MLX-LLM.cpp is a high-performance C/C++ library for Large Language Models (LLM), Vision-Language Models (VLM), and Whisper ASR inference. It leverages MLX to run efficiently on Apple Silicon hardware.

Features

🚀 High-performance inference on Apple Silicon
🧠 Support for multiple model architectures (LLM, VLM, ASR)
🔧 Quantization support for memory efficiency
🎯 Easy-to-use C++ API
🐍 Python preprocessing utilities

Supported Models

Family	Models	Description
LLaMA 2	llama_2_7b_chat_hf	Chat-optimized LLaMA 2 models
LLaMA 3	llama_3_8b	Latest LLaMA 3 models
LLaMA 3.2	Llama-3.2-11B-Vision-Instruct	Vision-Language model for multimodal tasks
TinyLLaMA	tiny_llama_1.1B_chat_v1.0	Compact model for edge deployment
Whisper	All Whisper models	All sizes (tiny, base, small, medium, large) and variants
Gemma 3	All Gemma 3 models	All sizes (2B, 9B, 27B) with various quantization (bf16, fp16, 4bit, 8bit)

Installation

Prerequisites

First, install MLX on your system:

git clone https://github.com/ml-explore/mlx.git mlx && cd mlx
mkdir -p build && cd build
cmake .. && make -j
make install

Building MLX-LLM.cpp

Clone the repository and its submodules:

git clone https://github.com/grorge123/mlx-llm.cpp.git
cd mlx-llm.cpp
git submodule update --init --recursive

Build the example:

mkdir build && cd build
cmake ..
cmake --build .

Usage

1. Language Models (LLM)

Refer to example/llm.cpp for a simple demonstration using TinyLLaMA 1.1B.

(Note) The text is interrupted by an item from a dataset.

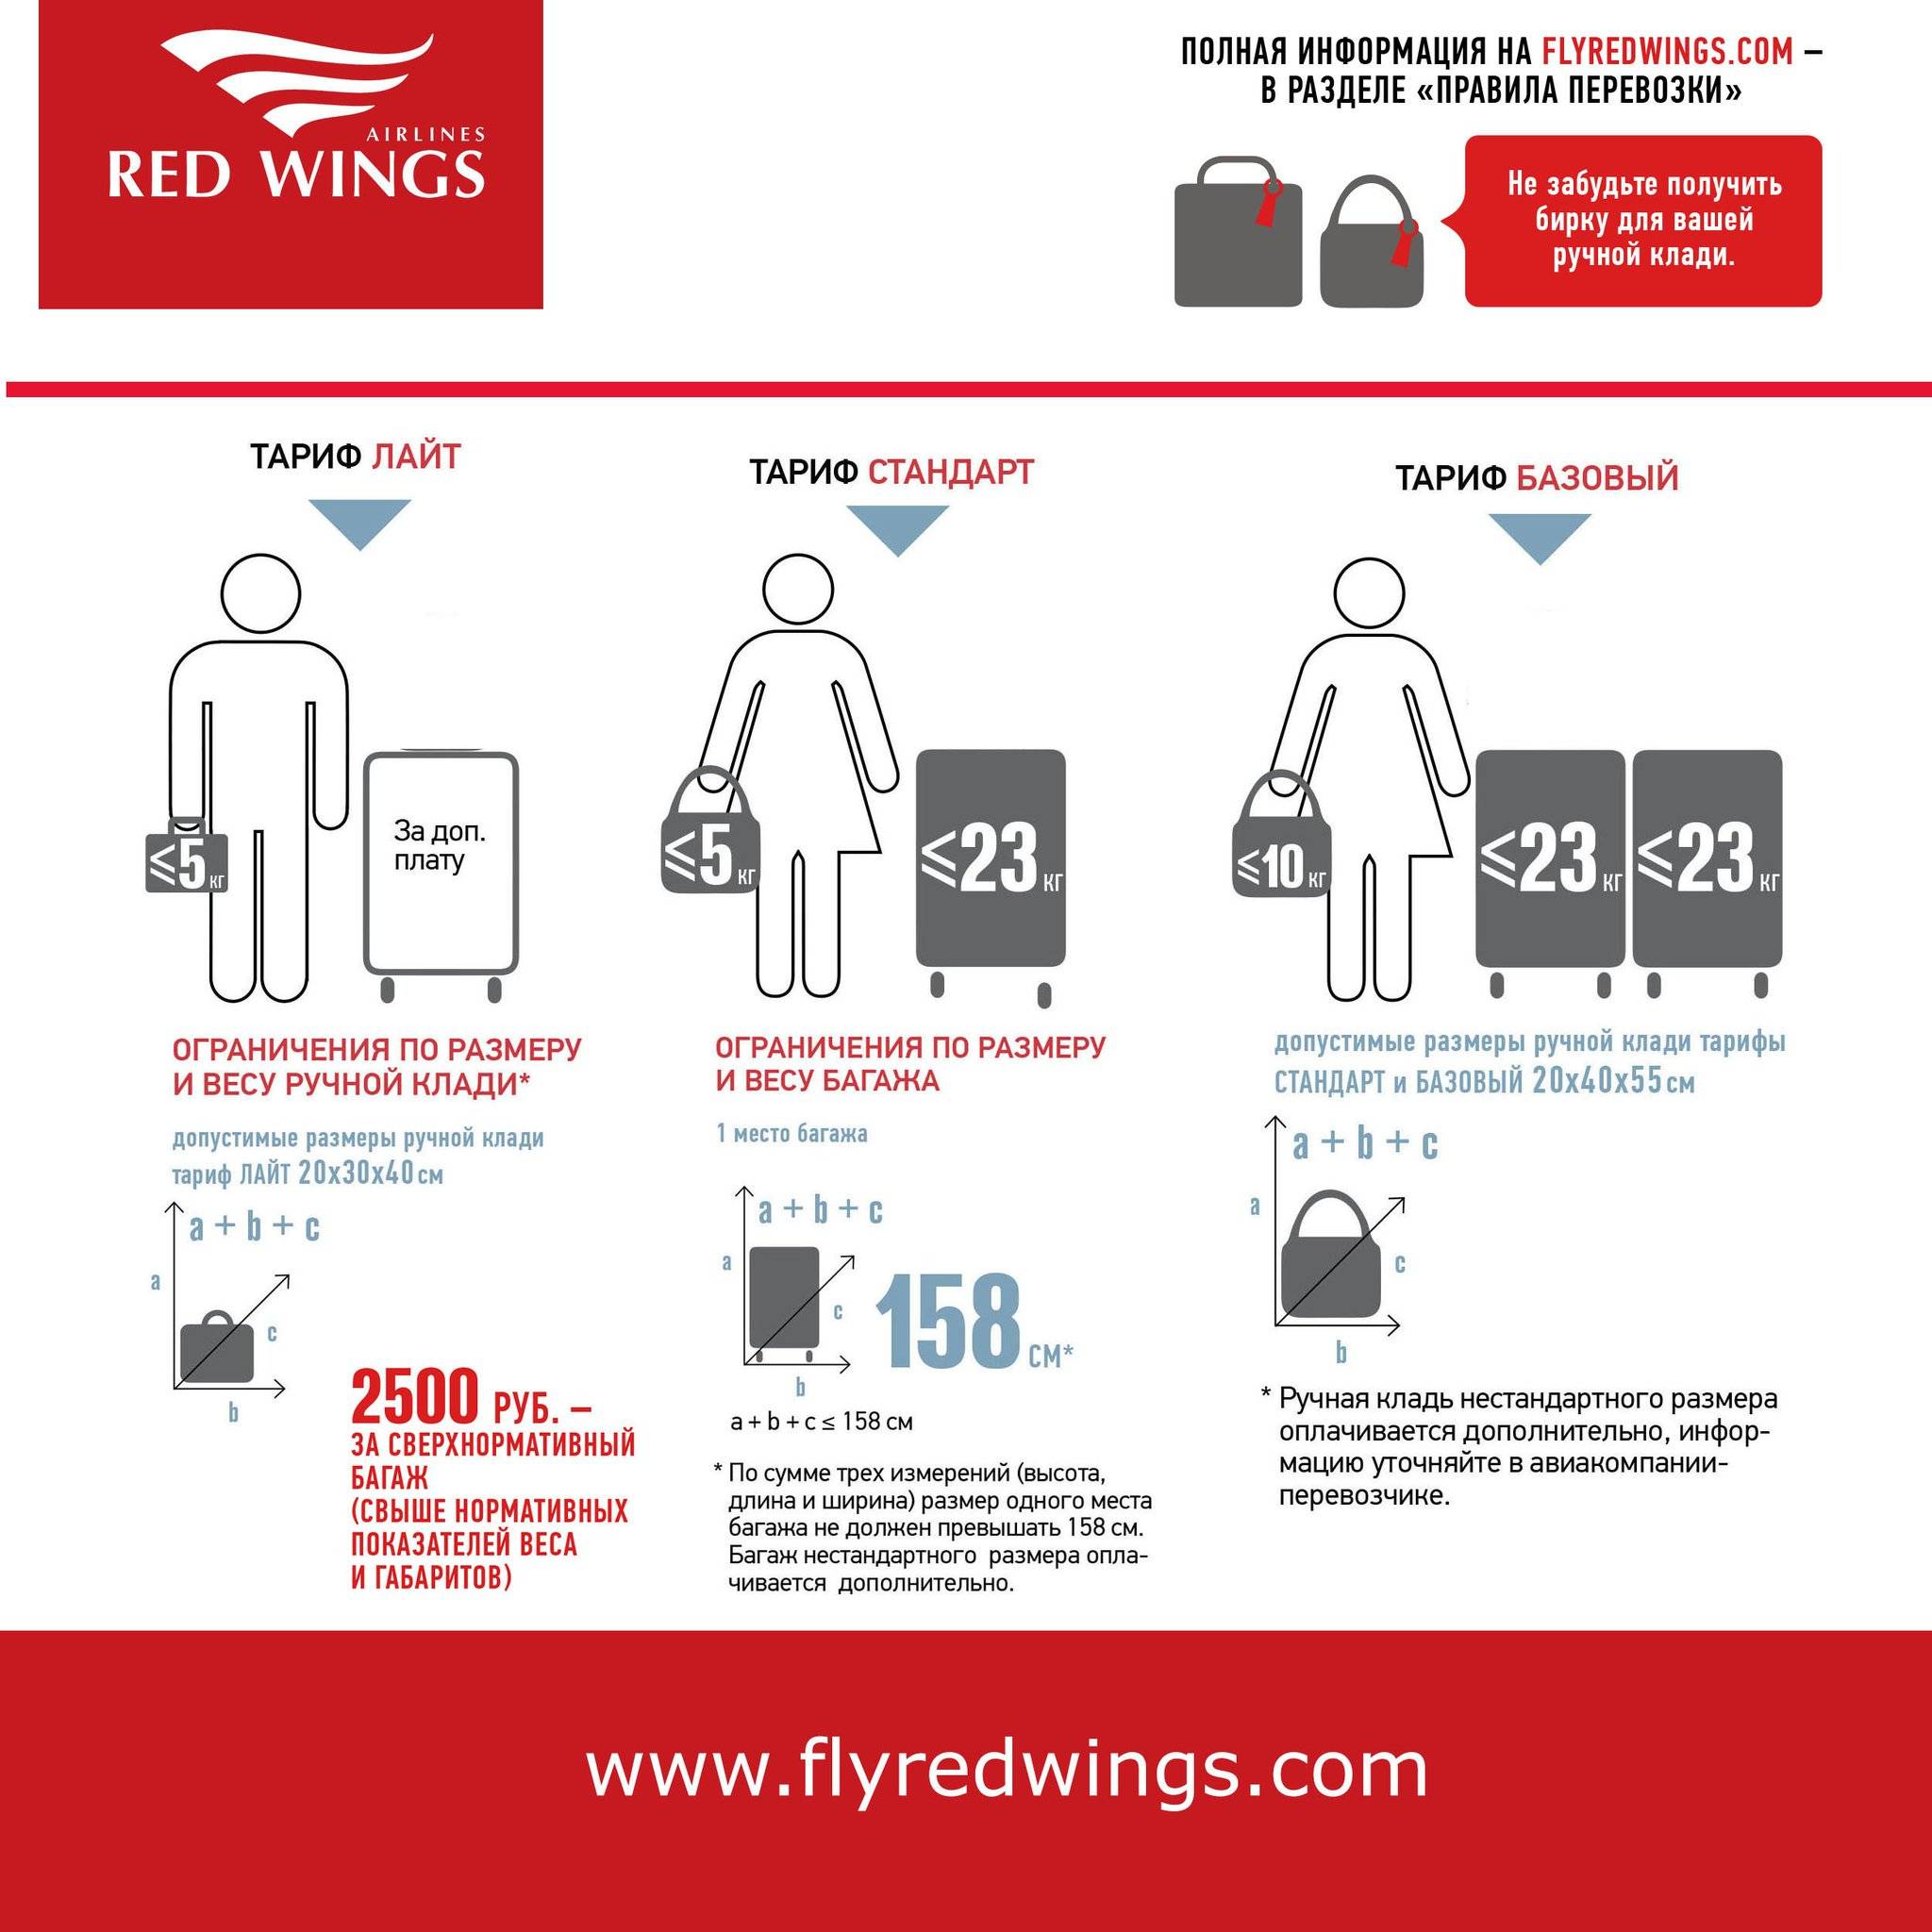 Правила перевозки багажа и ручной клади в авиакомпании ryanair
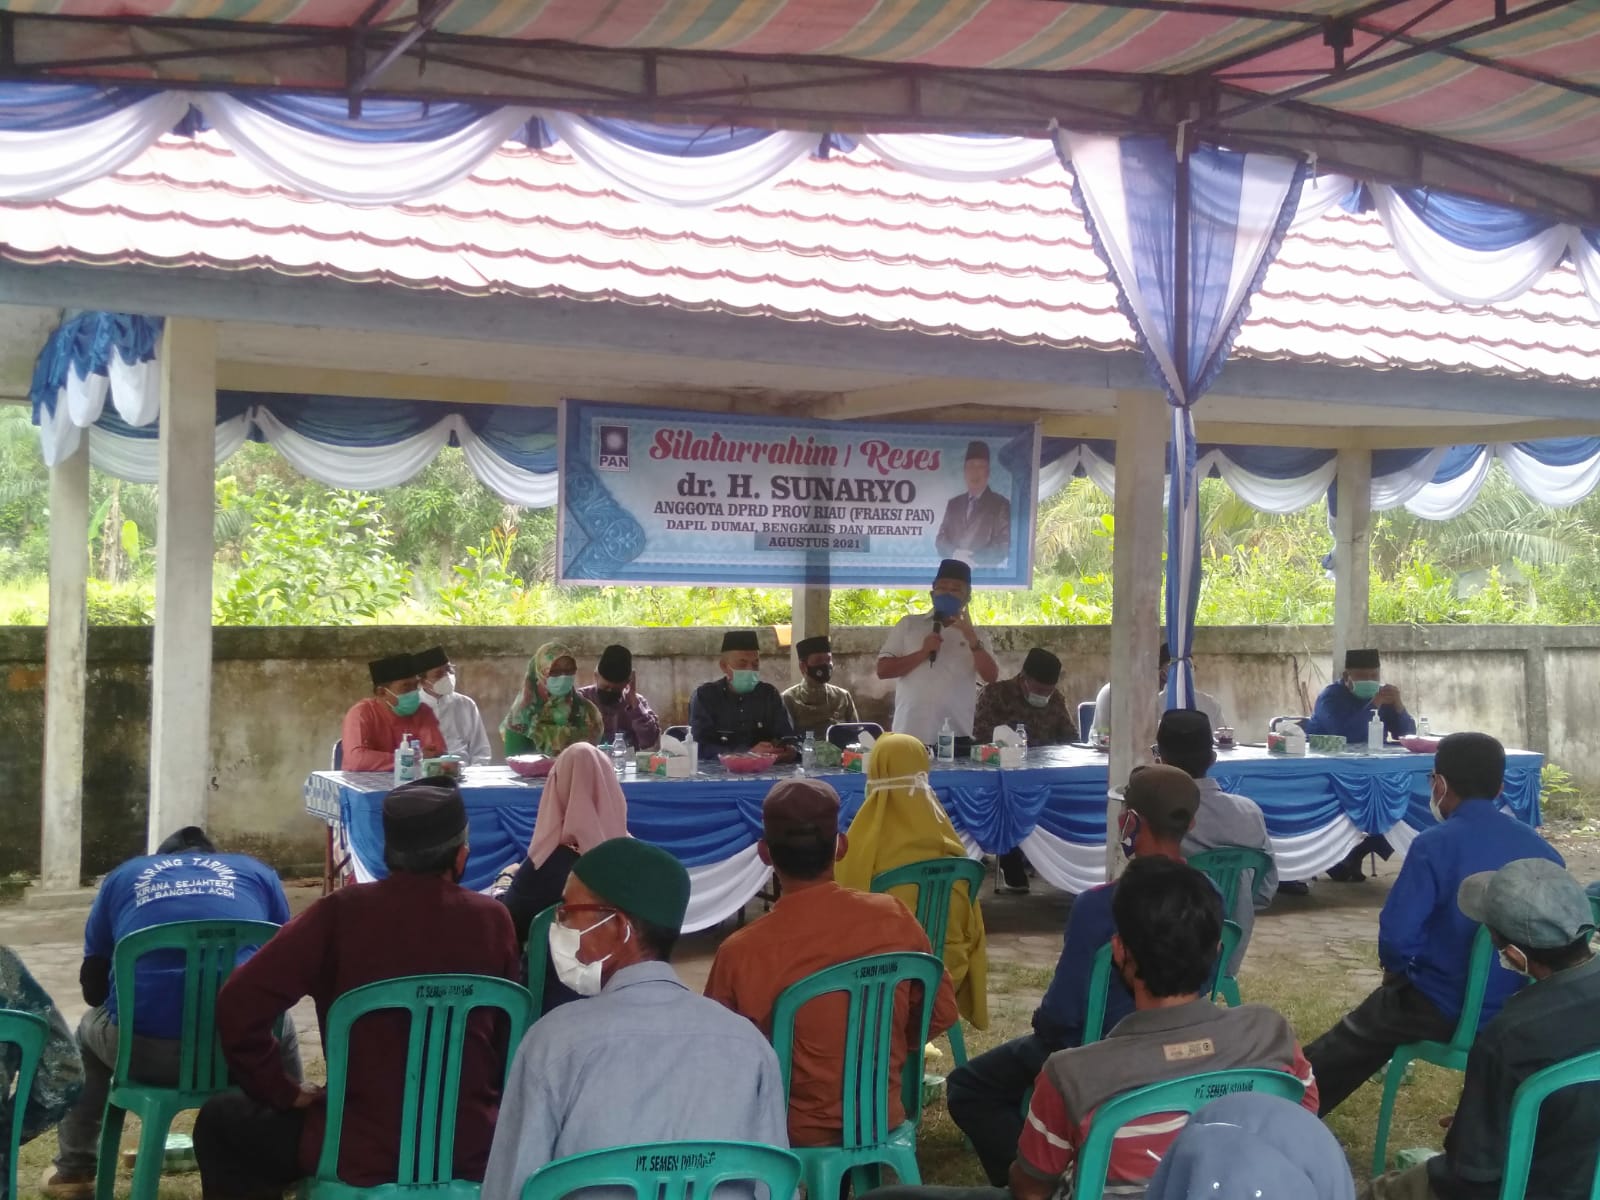 Anggota DPRD Riau, H.Sunaryo Reses di Bangsal Aceh

Downloading Model Weights and Tokenizer

mkdir tiny && cd tiny
wget https://huggingface.co/TinyLlama/TinyLlama-1.1B-Chat-v1.0/resolve/main/model.safetensors
cd ..
wget https://huggingface.co/TinyLlama/TinyLlama-1.1B-Chat-v1.0/resolve/main/tokenizer.json

Running the LLM Example

From the build directory:

./llm

This will generate text using the TinyLLaMA 1.1B model.

2. Vision-Language Models (VLM)

For Vision-Language Models, you need to preprocess inputs and postprocess outputs. The library supports Gemma 3 and LLaMA 3.2 Vision models.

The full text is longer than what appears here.